Some time ago, I had a conversation with someone whom I wanted to join the church I pastored at the time. She was a lovely woman who was very active in a number of the church’s ministries, faithfully attended worship, and was a fully participating member of the church in every way but one: she had never joined our church. She was a member in a church in a community where she had lived for many years, but had been many years with us, and still had not taken this last, small step to being a part of our church family. When I asked her about joining, she said she didn’t really know why she had waited so long to move her membership. We had become family to her, and she felt loved and accepted with us. But somehow, in a little corner of her heart, she was afraid she wasn’t good enough to be called a member of that church.

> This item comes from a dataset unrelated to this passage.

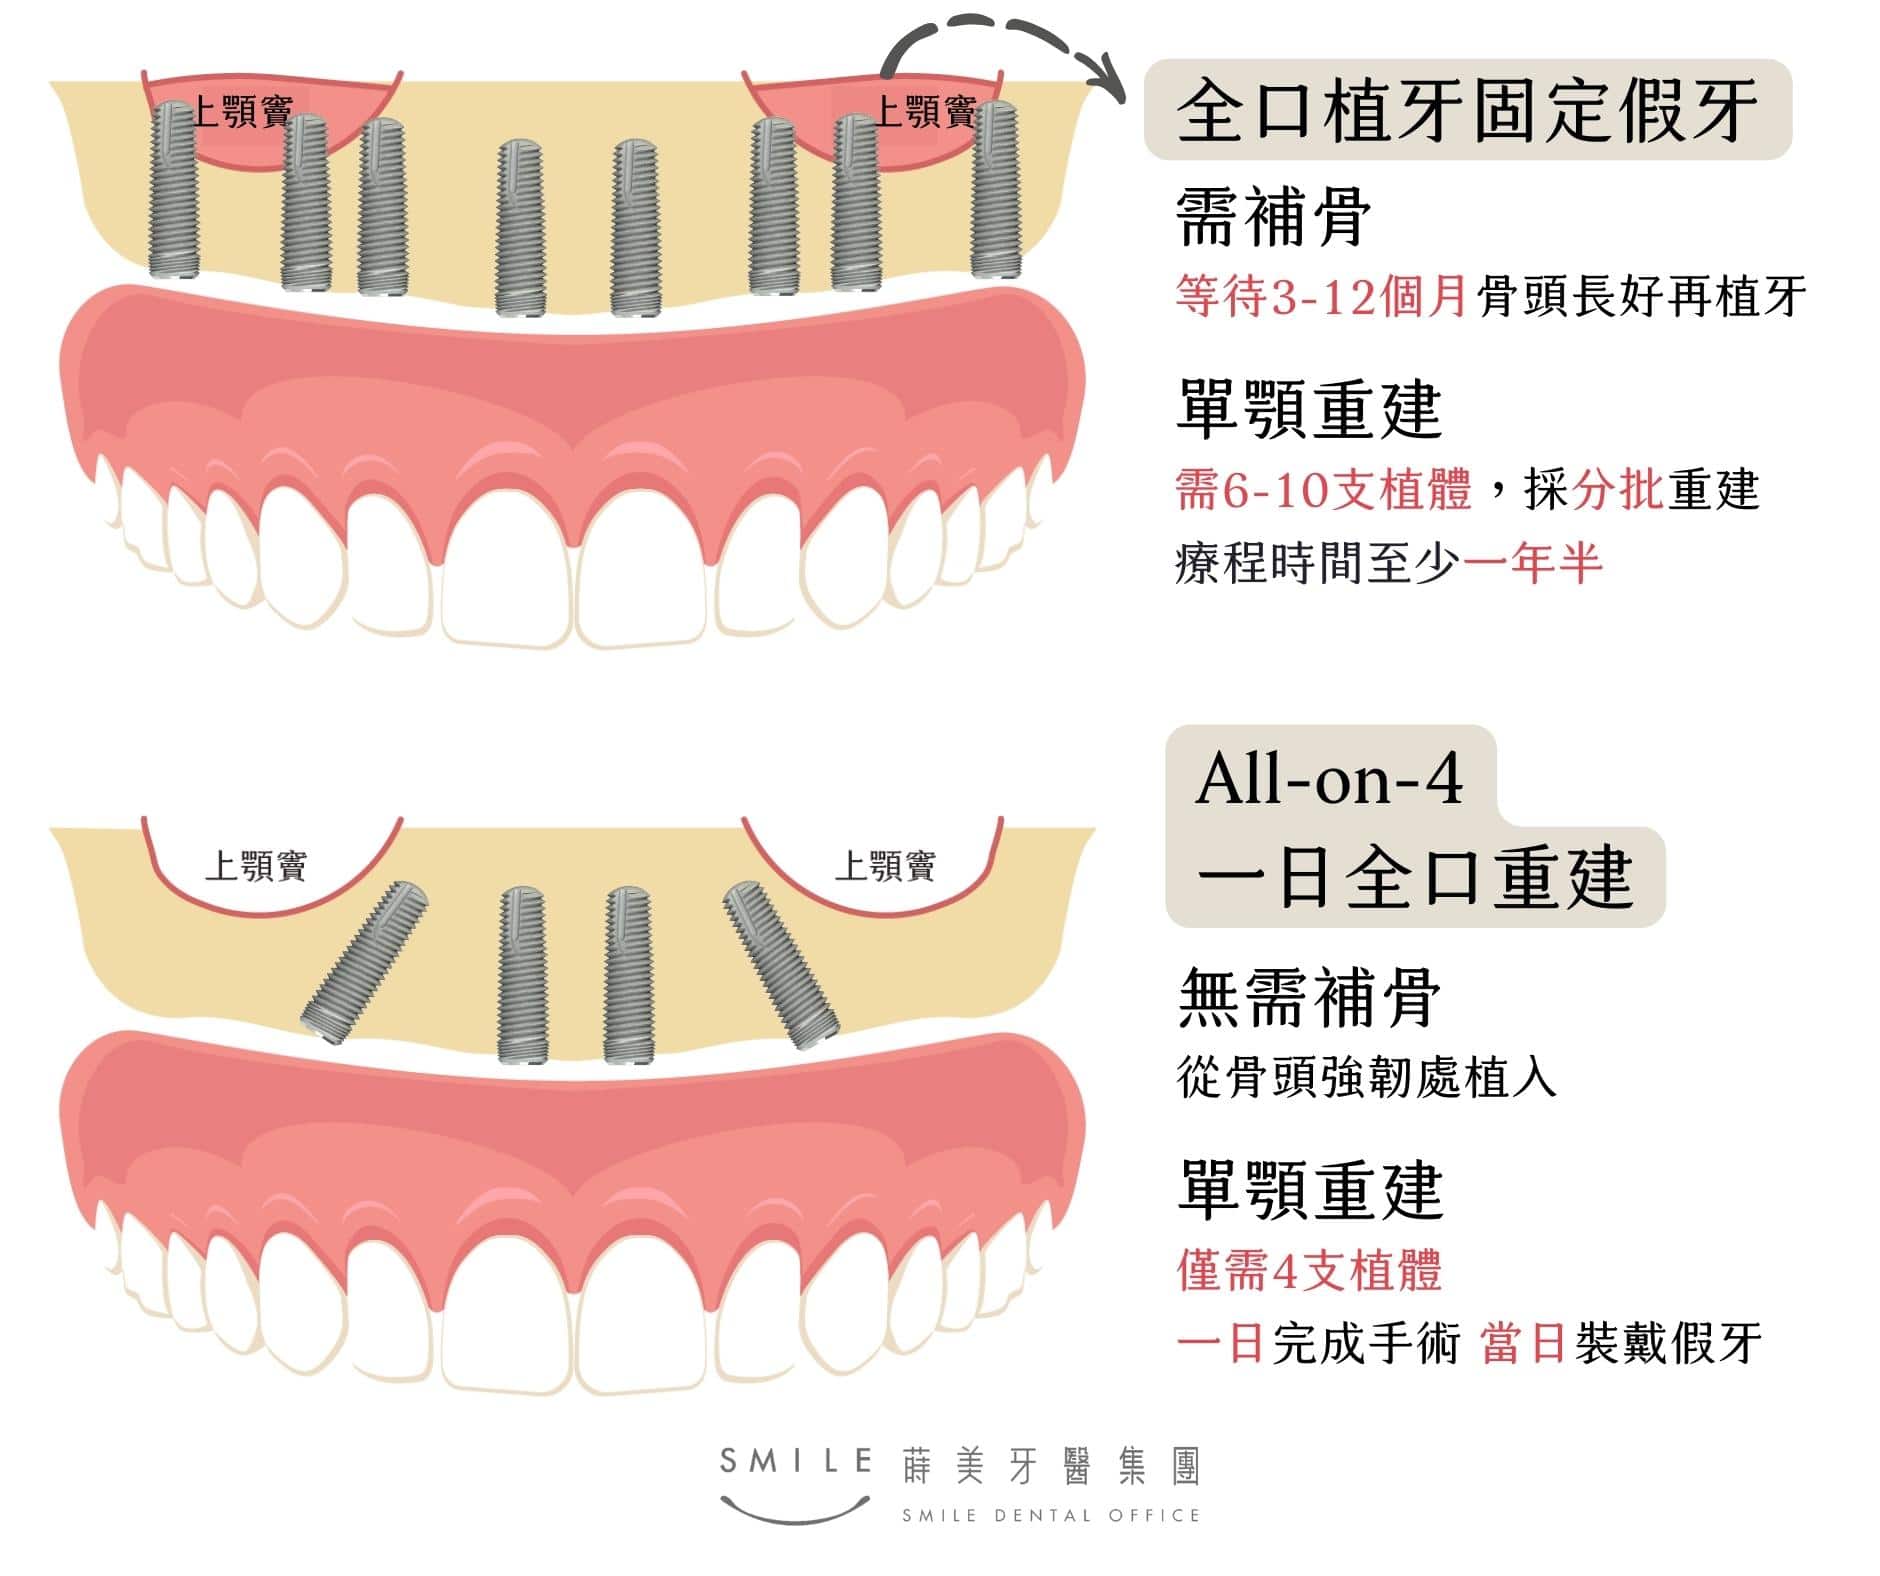 All-on-4速定式植牙 (1)

Of course I told her she was being silly, in as loving a way as I could. She was already a member of the church, in almost every way that matters. And being in the roll book counts less for me than the ways she had proved herself a faithful member over and over again. And I told her that just because she didn’t think she was good enough for us didn’t mean that she wasn’t good enough for God to love, and to make her a part of his family. I’m honored to say that she joined the church just a week or two later. And I believe it’s true to say that in her doubt of herself, God blessed her with an extra reminder of his love as the church welcomed her that day.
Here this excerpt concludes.